These are the backbone of Andhra cuisine, providing the characteristic heat. Andhra Pradesh is a major producer of red chilies, especially the Guntur variety, known for its fiery intensity and vibrant red color. They are used in various forms – fresh, dried, and powdered – in almost every savory dish.

Mustard Seeds (Avalu)

Used extensively in tempering (tadka) and pickling, mustard seeds add a pungent, nutty flavor and a slight bitterness to dishes. When added to hot oil, they pop and release their aroma, forming the base for many Andhra preparations.

Cumin Seeds (Jeelakarra)

Another essential spice for tempering, cumin seeds offer a warm, earthy, and slightly smoky flavor. They are often used whole or ground in curries, lentil dishes (dal), and rice preparations.

Curry Leaves (Karivepaku)

These aromatic leaves are widely used fresh in Andhra cuisine. They are typically added to hot oil at the beginning of cooking to release their distinct, slightly citrusy aroma and flavor, enhancing curries, stir-fries, and rice dishes.

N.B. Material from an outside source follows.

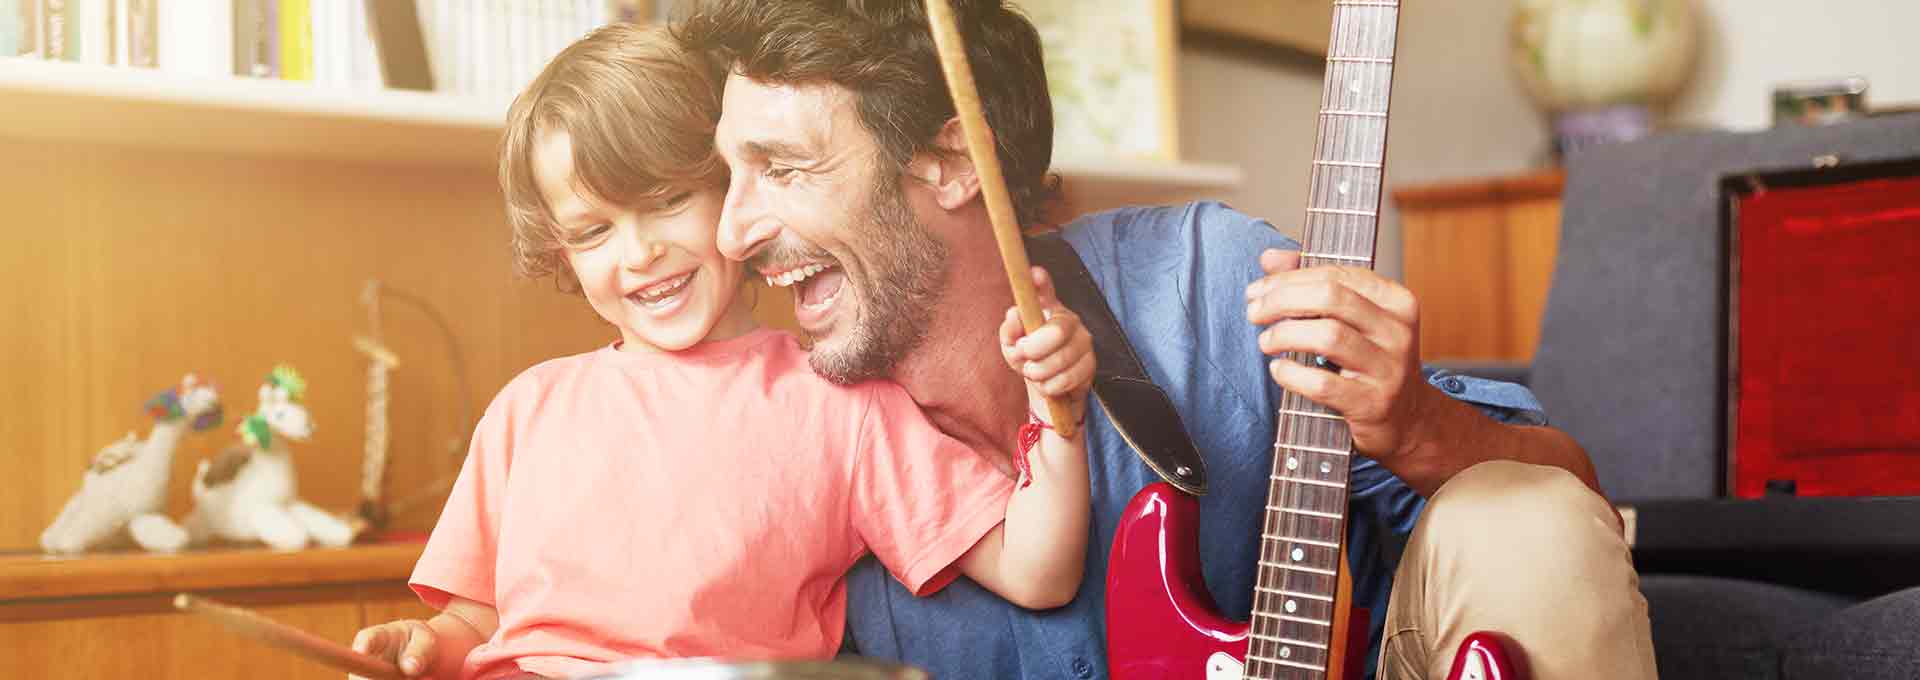 Vader met Bernafon Viron hoortoestellen speelt gitaar met zijn vijfjarige zoon die drumt en geniet van het moment.

Fenugreek Seeds (Menthulu)

These small, slightly bitter seeds are crucial in Andhra pickling and also used sparingly in some curries and lentil dishes for their unique flavor. They help in preserving pickles and add a distinctive taste.

Coriander Seeds (Dhaniyalu)

Both the seeds and the powder are used in Andhra cooking. Coriander adds a mild, warm, and slightly citrusy flavor that helps to balance the heat of chilies and other spices in curries and vegetable preparations.

Biryani Stick (Cinnamon Stick / Dalchini)

Cinnamon Sticks, popularly known as Biryani Sticks or Dalchini, are aromatic bark strips that add a warm, sweet-spicy flavor to biryani, curries, and desserts. Handpicked for quality and natural oils, these sticks enhance both aroma and taste, making them an essential spice for Indian and Mughlai cooking.

Biryani Flower (Star Anise / Chakra Phool)

Star Anise, often called Biryani Flower or Chakra Phool, is a star-shaped spice known for its bold licorice-like aroma and deep flavor. Commonly used in biryani and masala blends, it imparts a rich, exotic taste and enhances the overall depth of any dish it’s added to.

Biryani Leaf (Bay Leaf / Tej Patta)

Bay Leaves, or Tej Patta, also called Biryani Leaves, are fragrant leaves used to infuse a mild, herbal aroma into biryani, pulao, and soups. Grown in the hilly regions, these leaves release a distinct flavor when sautéed or slow-cooked, making them a staple in Indian and Mughlai cuisine.